Reputation: 1927
Why is the space character URL encoded to %20? I don't see a reason why space is considered to be a reserved character.
Upvotes: 1
Views: 1746
Reputation: 151720
Because the Request-Line of an HTTP request is defined as:
Method (Space) Request-URI (Space) HTTP-Version CRLF
Naive HTTP servers that stricly adhere to the spec will do something like this:
splitInput = requestLine.Split(' ')
method = splitInput[0]
requestUri = splitInput[1]
httpVersion = splitInput[2]
That will break if you'd allow spaces in an URL.
Upvotes: 2
Reputation: 589
because space is used as a separator in a lot of cases (program with arguments, HTTP commands, etc), so it often has to be escaped, with a \ in unix command line, with surroundings " in a windows command line, with %20 in URLs, etc.

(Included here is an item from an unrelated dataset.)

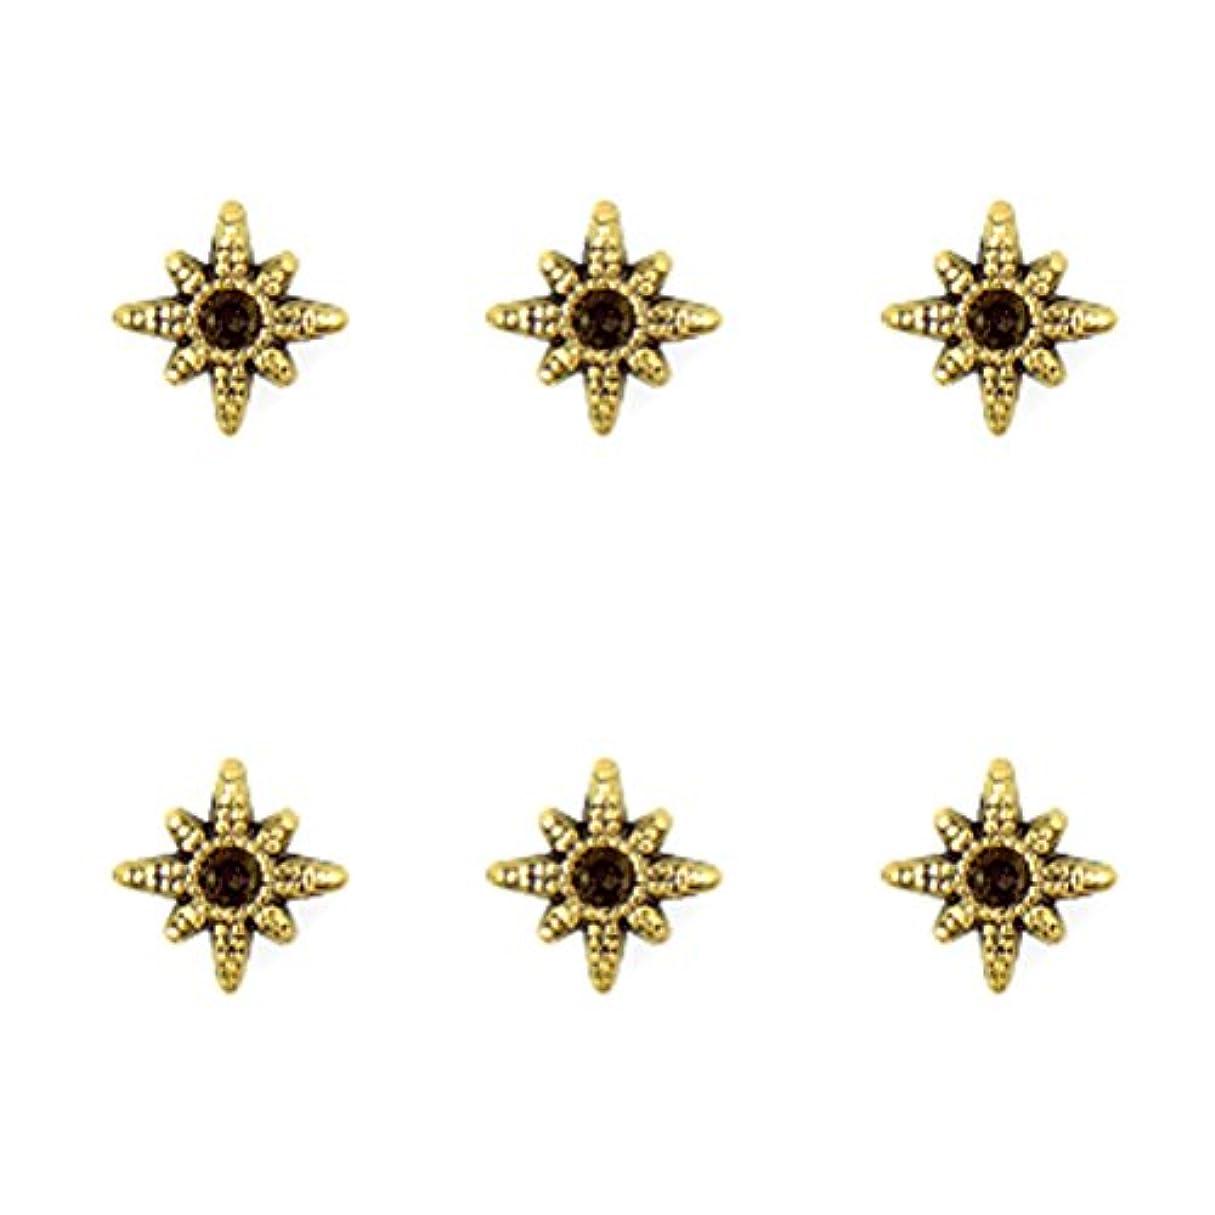 Bonnail ユアセルフゴールドフレーム ブリンク

in HTTP protocol, when you try to reach http://www.foo.com
, your browser opens a connection to the server www.foo.com on port 80, and send the commands:
GET http://www.foo.com HTTP/1.0
Accept : text/html
The syntax is "METHOD URL HTTPVERSION"
If you tried to request http://www.foo.com/my page.html
instead of http://www.foo.com/my%20page.html
, the server would think "page.html" is the HTTPVersion you're looking for...
Upvotes: 5
Reputation: 59343
See RFC 3986 Section 2.3:
2.3. Unreserved Characters
Characters that are allowed in a URI but do not have a reserved
purpose are called unreserved. These include uppercase and lowercase
letters, decimal digits, hyphen, period, underscore, and tilde.
unreserved = ALPHA / DIGIT / "-" / "." / "_" / "~"
Upvotes: 2